Keep in mind also that a lot of people browse from work and regardless of the music - once it starts the close button is the next thing clicked - not your photos or info, and onto someone elses site they go ( where they will probably find another Flash site and more music  )


----------



## Christie Photo (Aug 5, 2009)

aephoto said:


> ...I never hear anything back! What am i doing wrong?



It's tough!  I don't get it either.  The best I can offer is the market has changed.  I don't know how long you've been at it, but I've been here in my own place since '83, and at another studio (same town) for 5 years prior.

I think your work is very salable.  Your site is fine.  It's not hard to find your way around, unless you live in Florida and have trouble with butterfly ballots.

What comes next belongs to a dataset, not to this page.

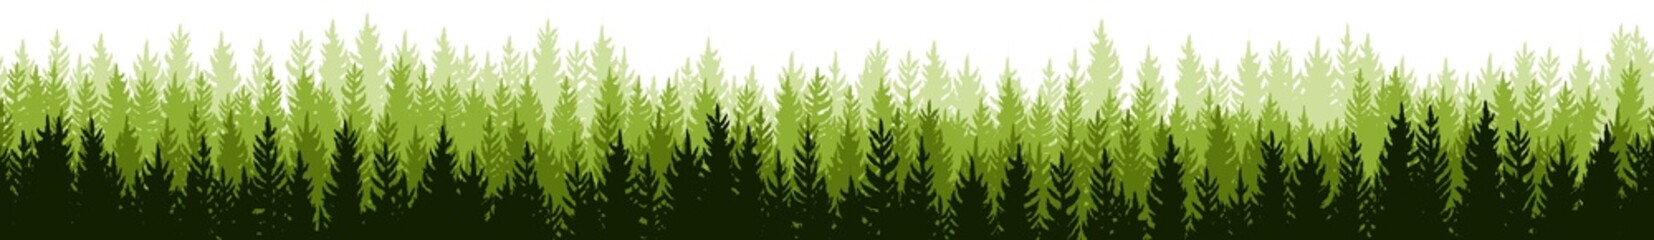 Pine forest. Silhouettes of coniferous trees. Wild landscape horizontally. Nice panoramic view. Seamless illustration isolated on white background. vector

I too love the idea of music with my images, but chose not to have it auto-start after considering the workplace scenario.  And, I don't want to pay royalties.

I priced out your beginning senior package...  the $200 package.  My charges for the same is $387 without the CD and one less 4x6...  all from one pose, all shooting in the studio.  So I think you offer a great value.

You (and I) should be booked solid for weeks out.  In my area, photographers are really quite friendly with each other.  I talk occasionally with most of them.  Nobody is setting any records lately.  Most of us, like you, are scratching our heads.

It's my belief that, with the advent of better and better equipment, the value of good photography is being lost.  The vast majority of potential customers (and many of the newer "photographers") don't know the difference between a properly exposed image and a proper lit portrait.  It seems that anything in focus that's not over or under exposed is often considered a good photograph.  Many are settling for DIY photography or anybody with a "good camera."

I don't know what the answer is.  I doubt we'll be able to re-educate the buying public any time soon.  I try to find educated buyers.  Most of them so far are professionals who buy photography for thier companies, so I've be keeping afloat doing commercial work.

It seems you're doing nearly everything mostly right.  Ten or twelve years ago, you'd be swamped doing what you do now.  I don't get.

-Pete


----------



## Lyncca (Aug 6, 2009)

KmH said:


> aephoto said:
> 
> 
> > I have asked in the email "when would you like to schedule a session" or "Let me know when you are ready to schedule your session" but again no response.
> ...


 
I love this   I'm gonna give it a shot myself.  Of course, I will have to take my calendar off my site


----------